**TASK:**
Line by line, transcribe the data below exactly and pass over the images.

**COLLECTED DATA:**
┌────────

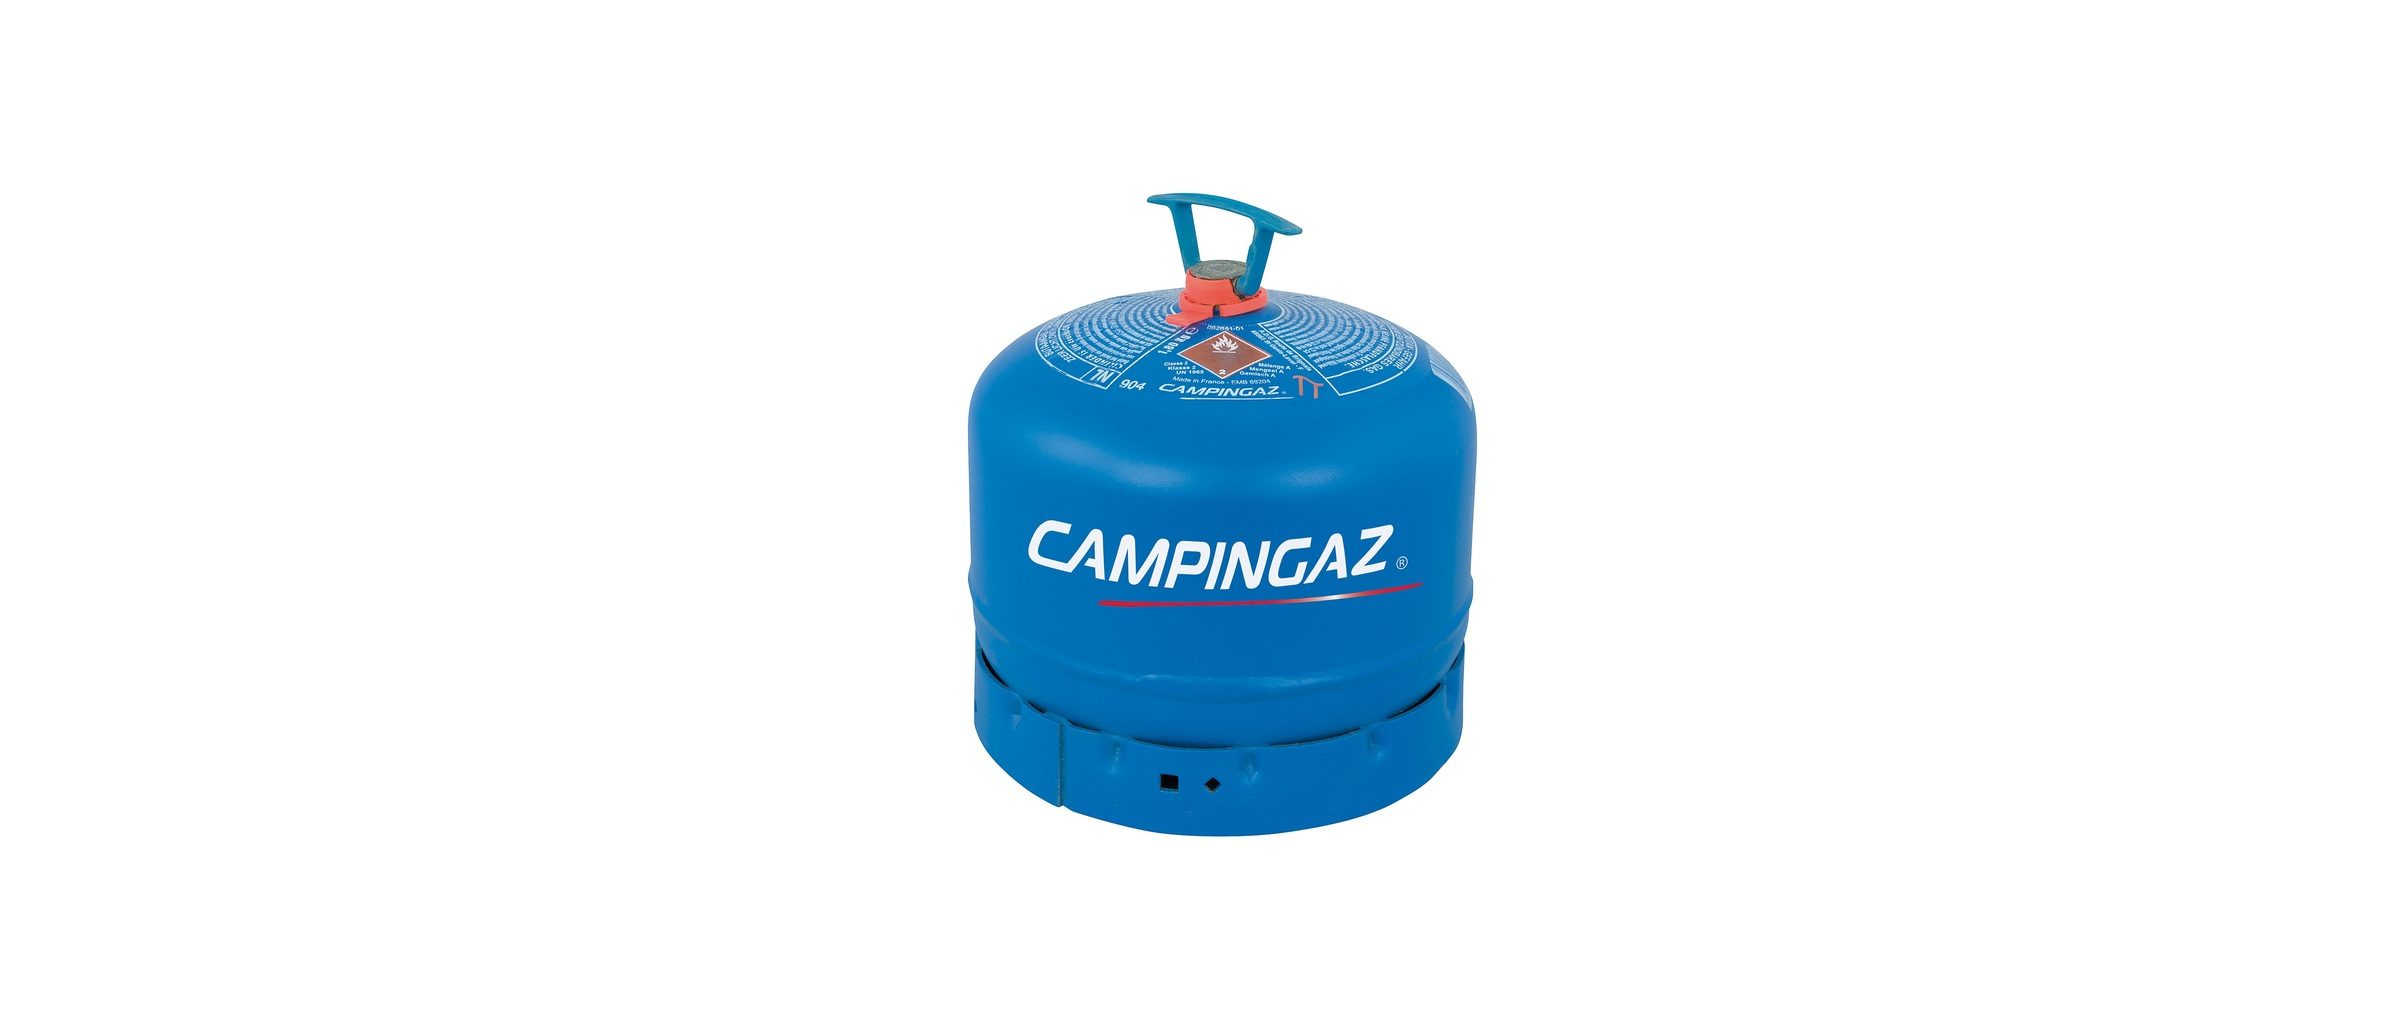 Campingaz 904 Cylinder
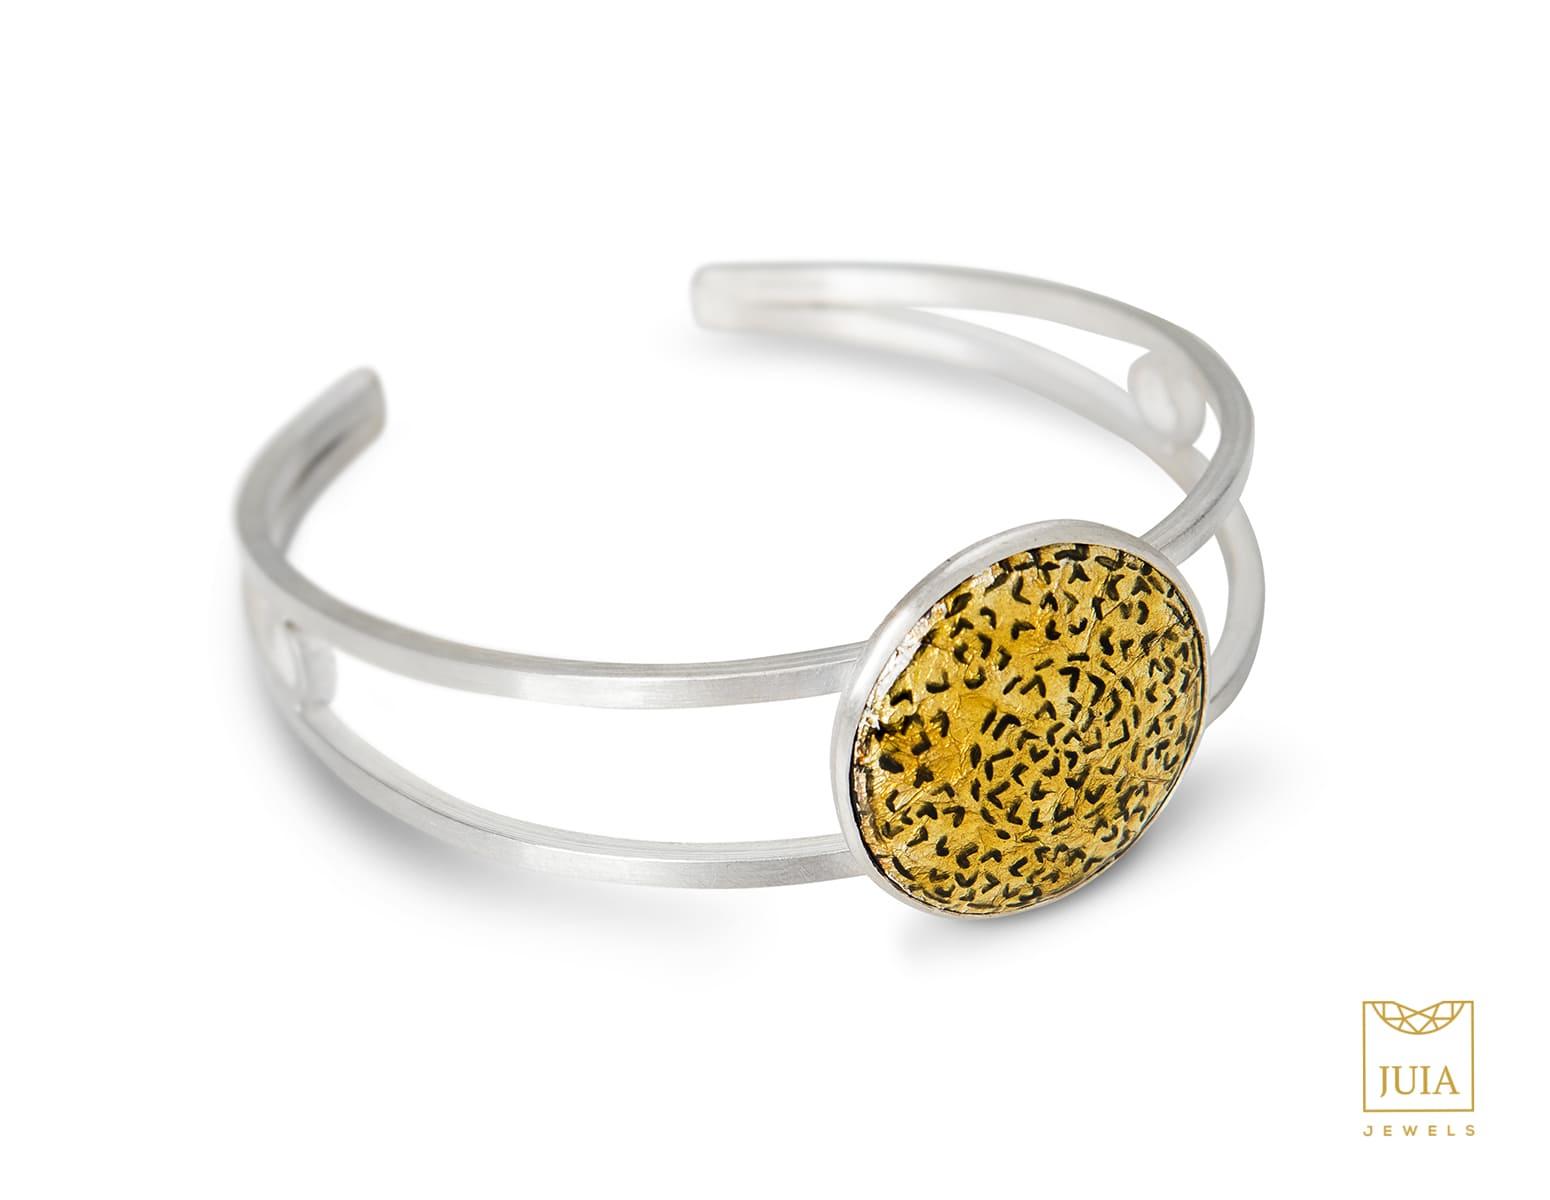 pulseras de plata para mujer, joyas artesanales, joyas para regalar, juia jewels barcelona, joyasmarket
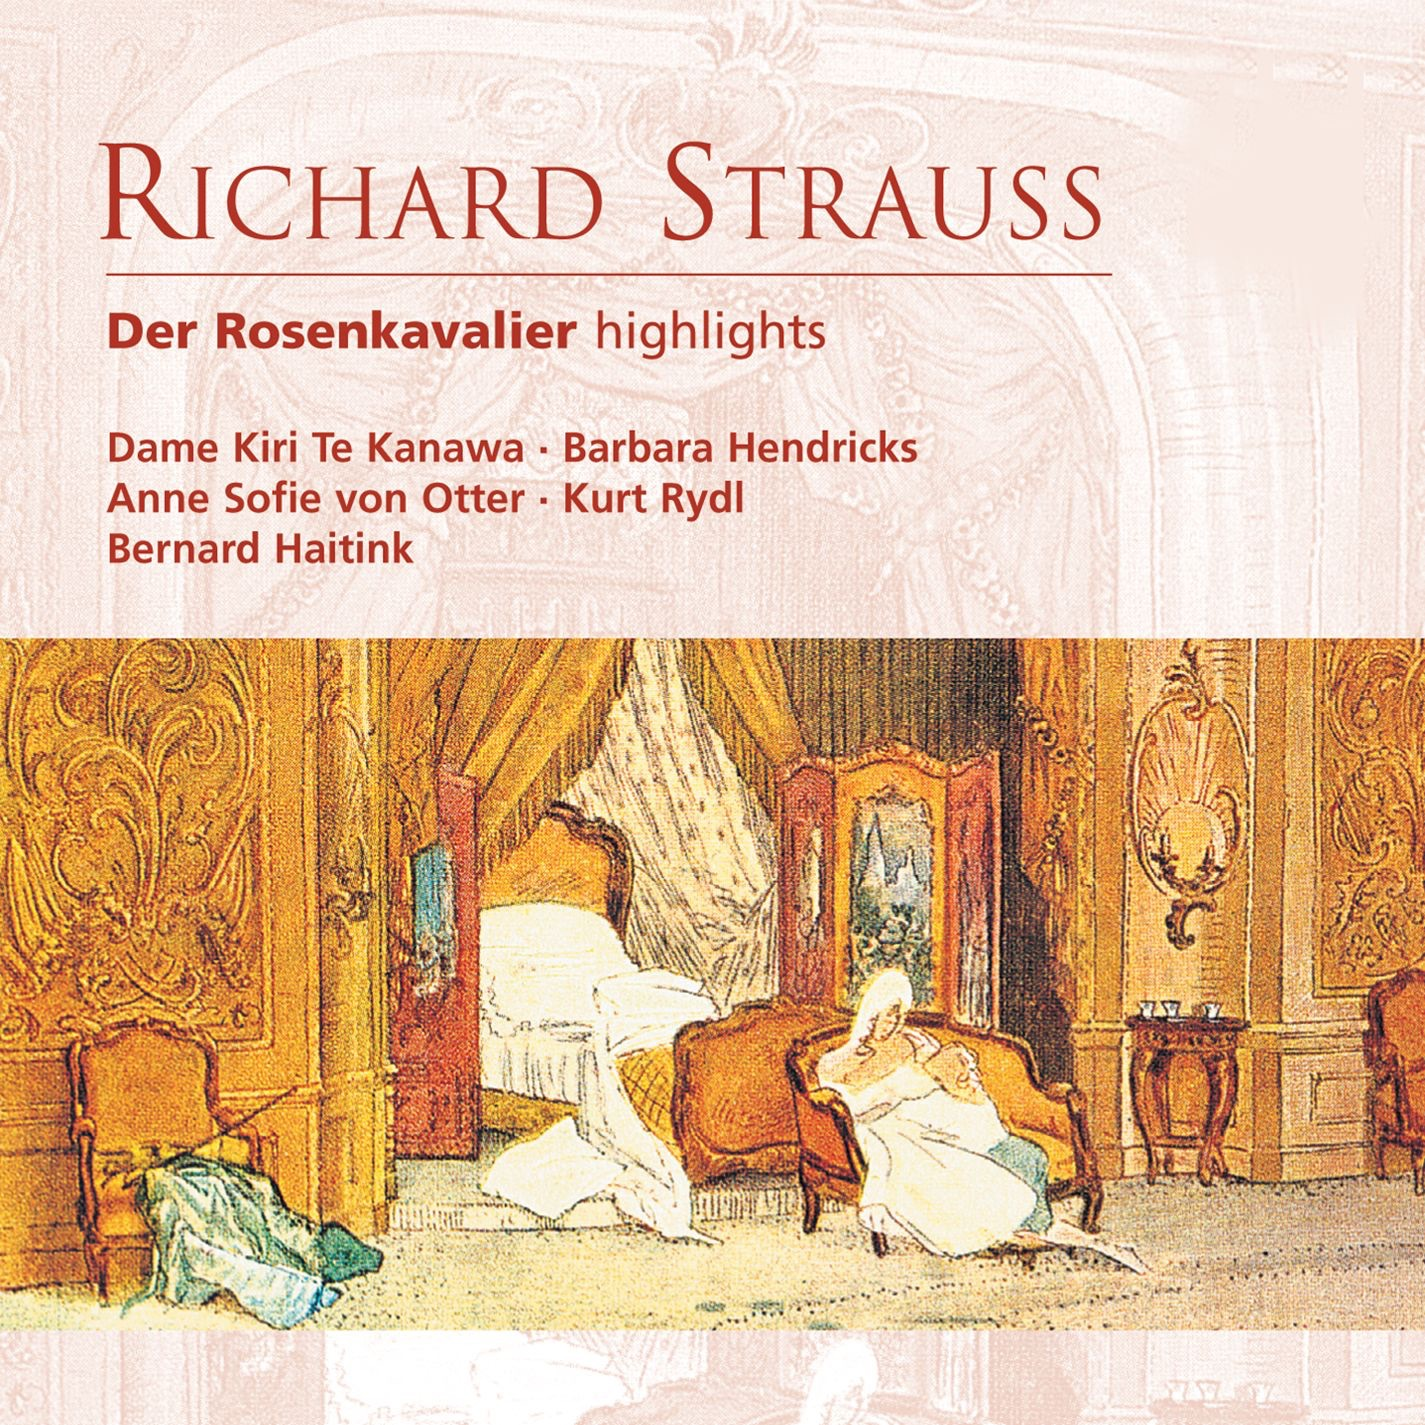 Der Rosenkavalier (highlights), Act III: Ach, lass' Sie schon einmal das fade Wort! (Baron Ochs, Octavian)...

└────────

**TASK SOLUTION:**
 Campingaz 904 Cylinder
 pulseras de plata para mujer, joyas artesanales, joyas para regalar, juia jewels barcelona, joyasmarket
 Der Rosenkavalier (highlights), Act III: Ach, lass' Sie schon einmal das fade Wort! (Baron Ochs, Octavian)...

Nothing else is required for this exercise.